To do: From the line containing "Shawn Michaels Wrestling" down to the line containing "Fracción VIII Iniciativas de ley", copy out the entries below exactly, both lines included, and nothing else; pictures do not belong in the copy.

Records supplied:

++++++++

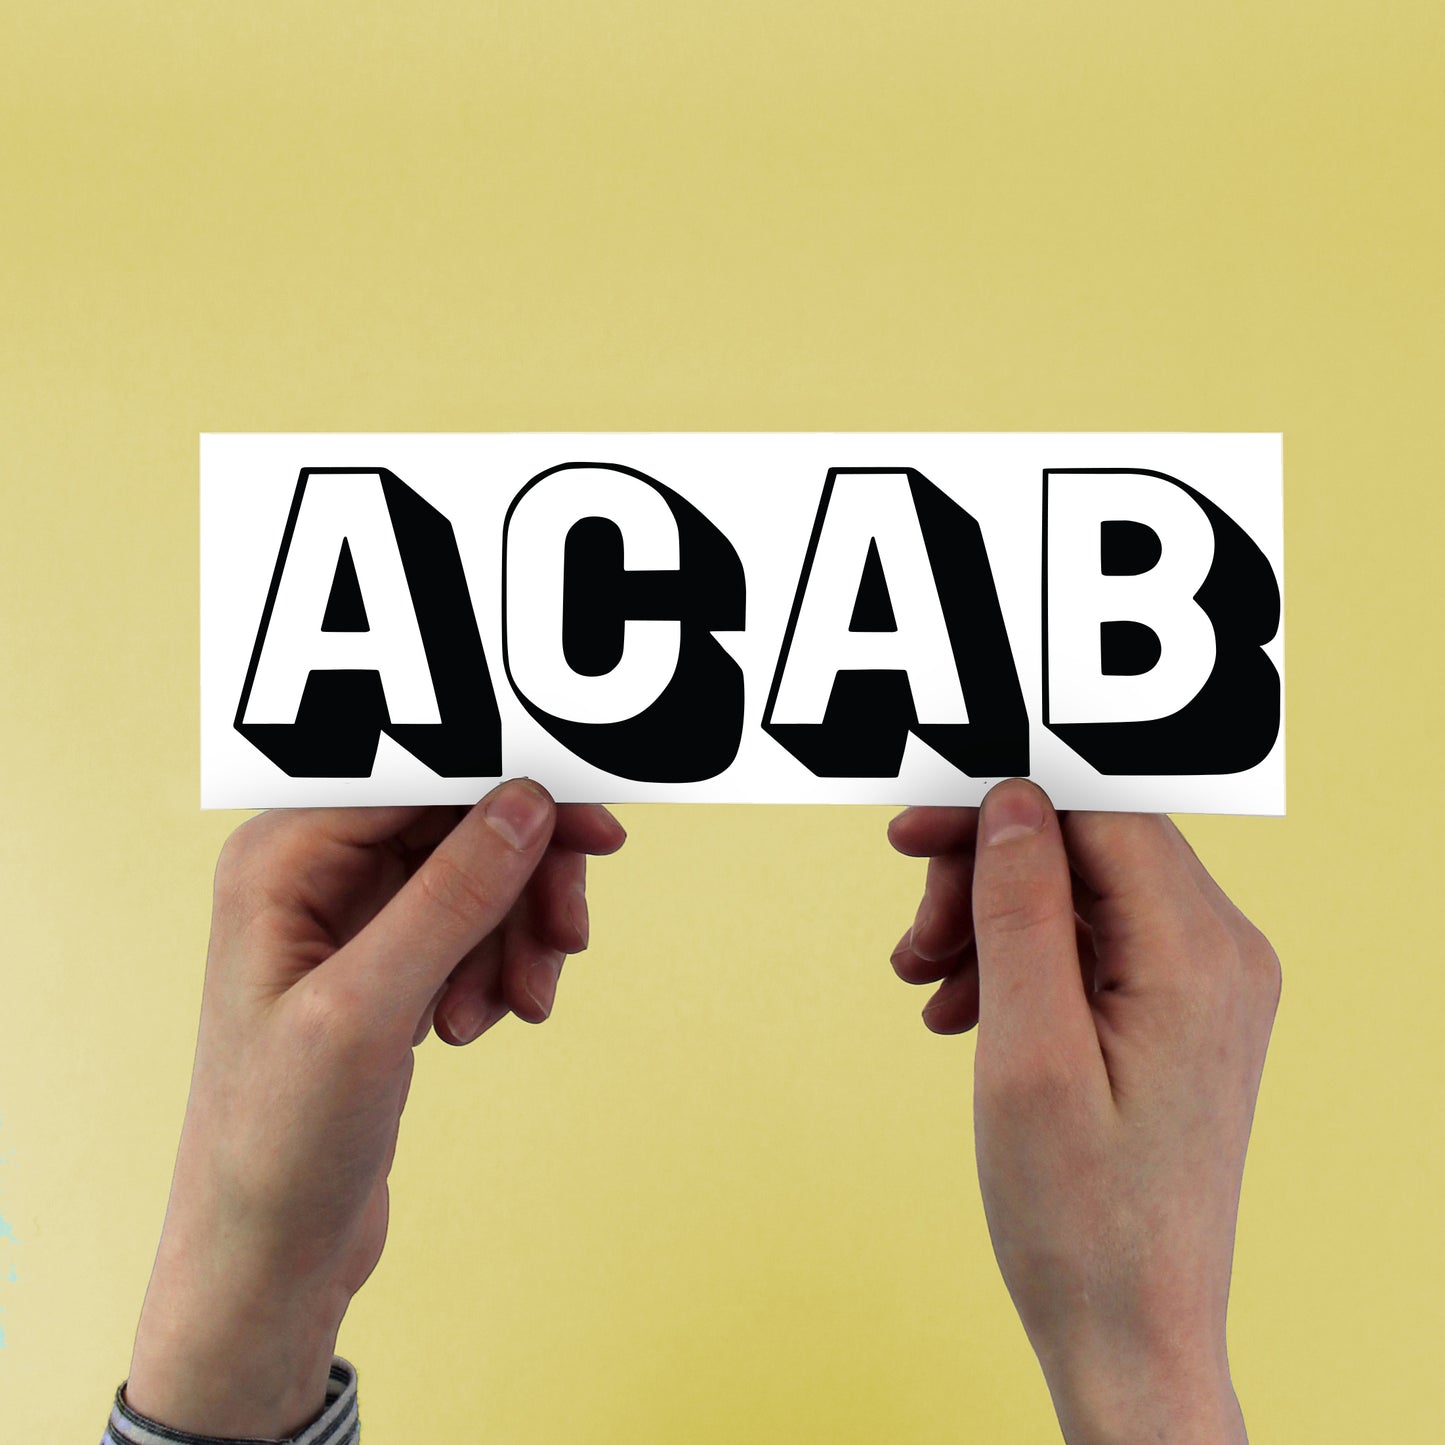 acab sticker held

++++++++

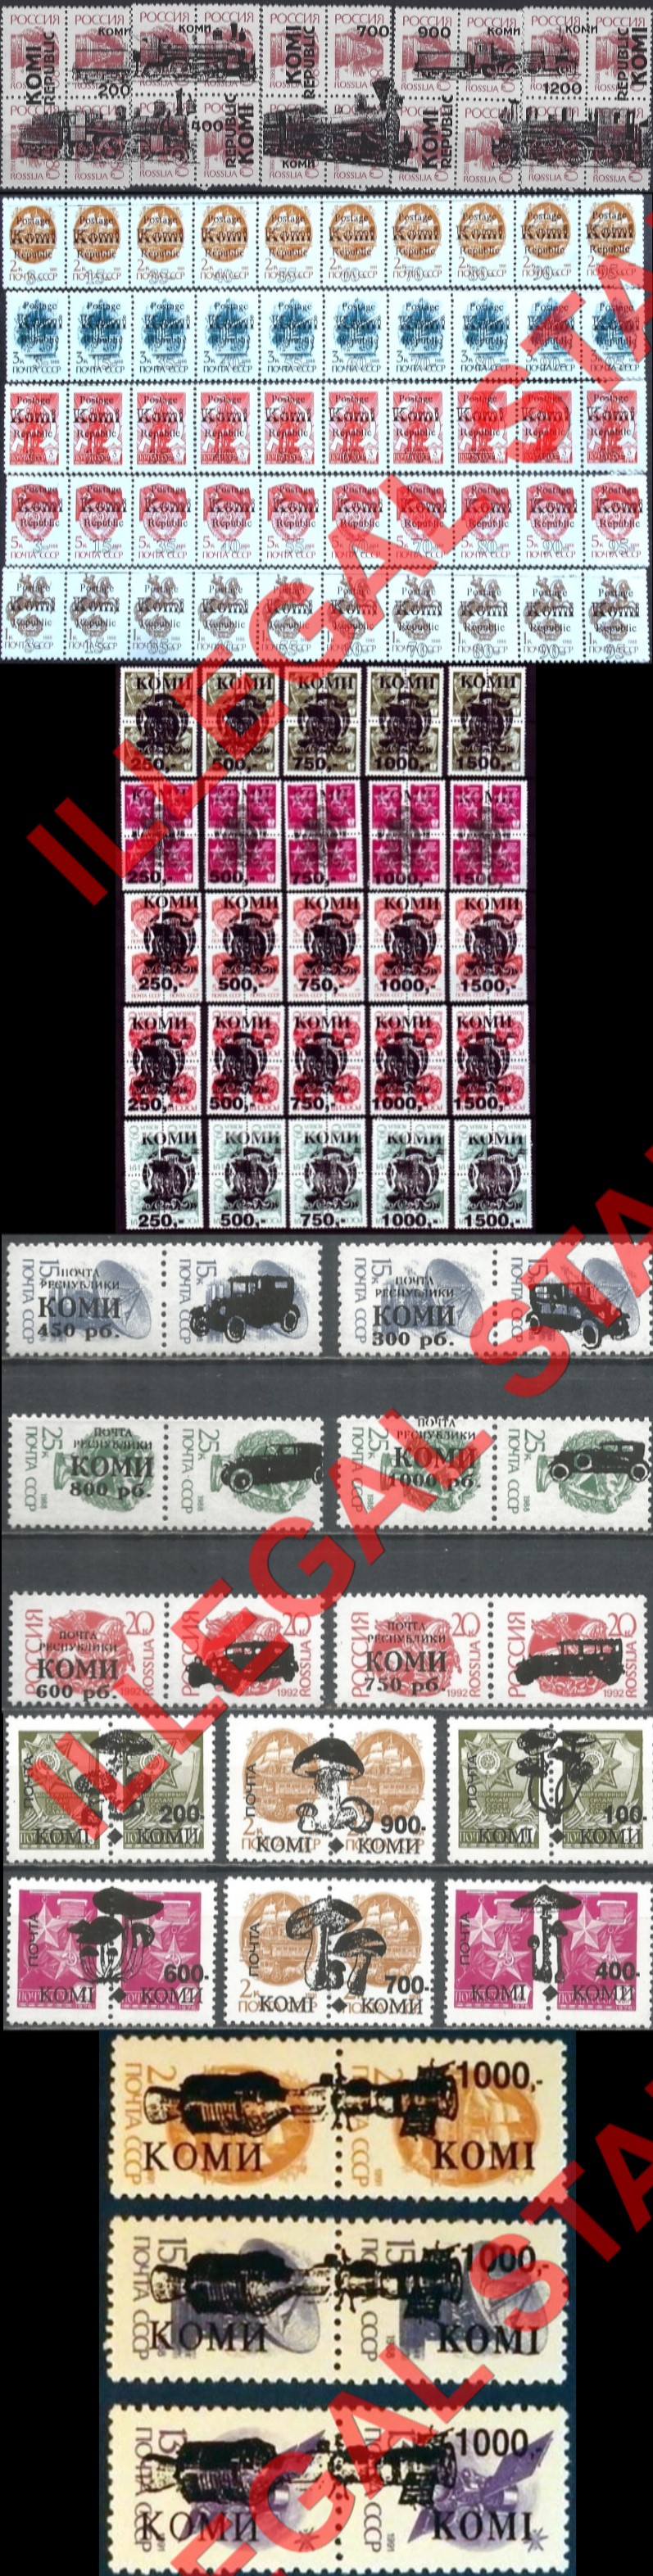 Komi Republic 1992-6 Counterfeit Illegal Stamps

++++++++

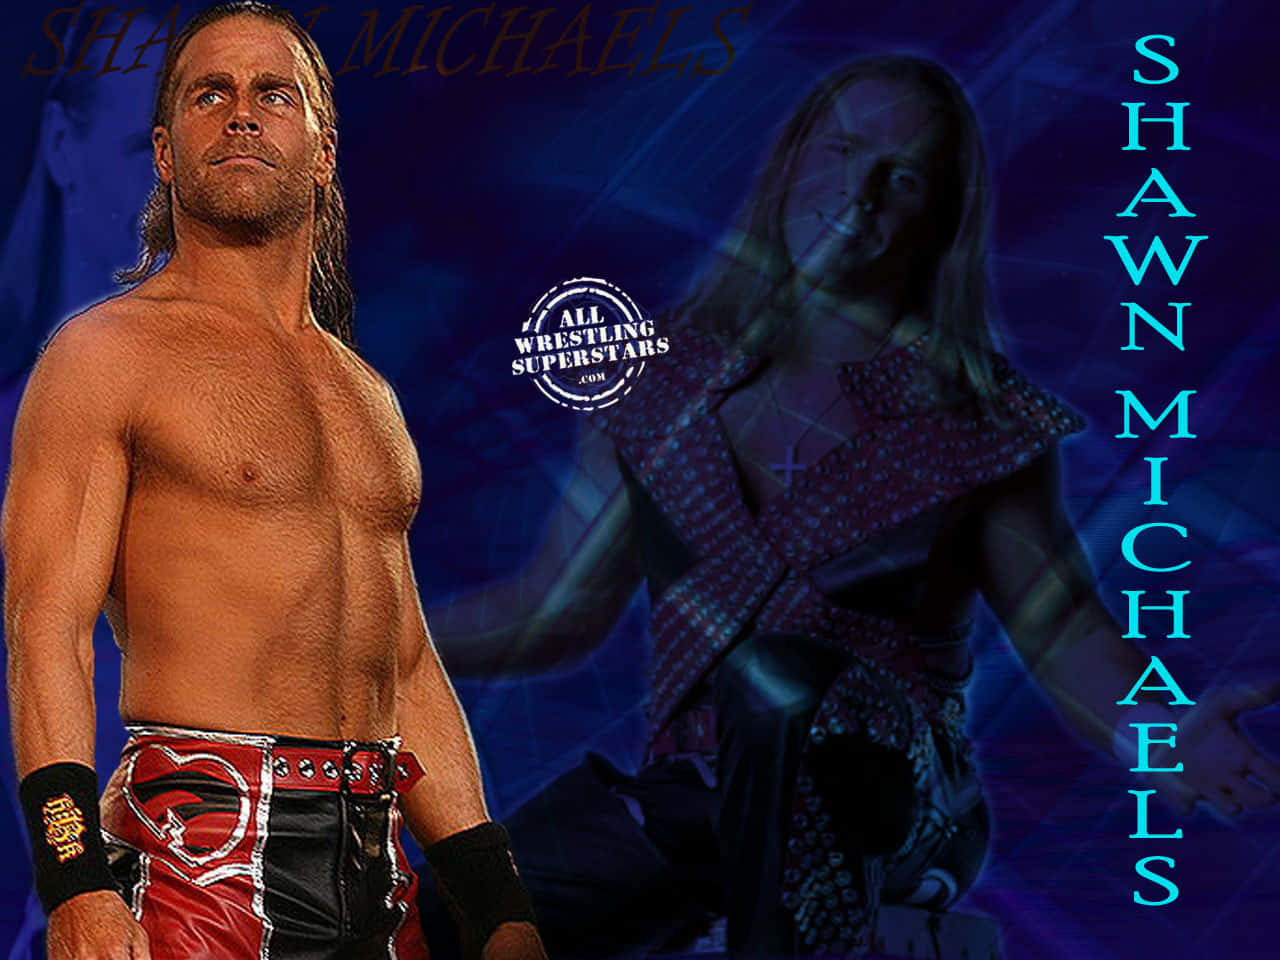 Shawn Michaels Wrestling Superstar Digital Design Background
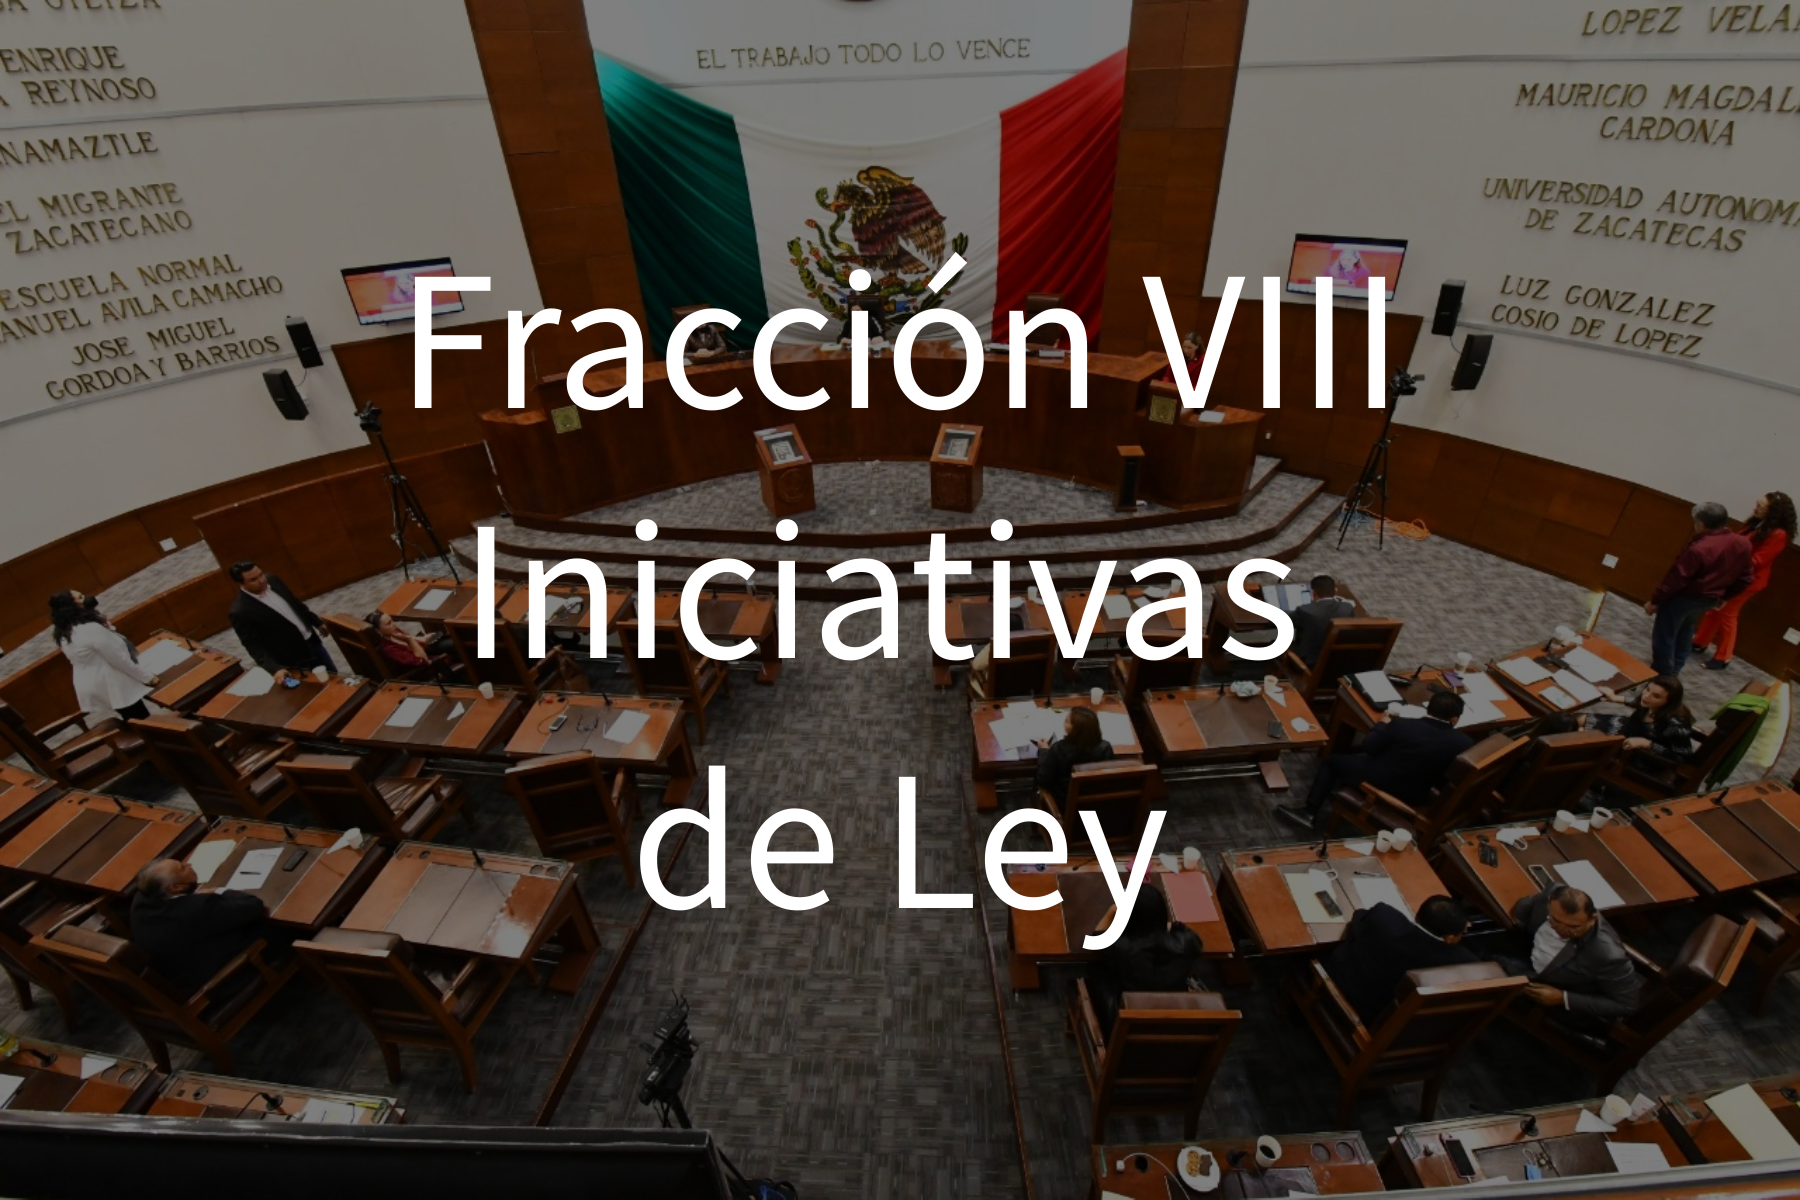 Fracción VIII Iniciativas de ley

++++++++

Solution to the problem:
 Shawn Michaels Wrestling Superstar Digital Design Background
 Fracción VIII Iniciativas de ley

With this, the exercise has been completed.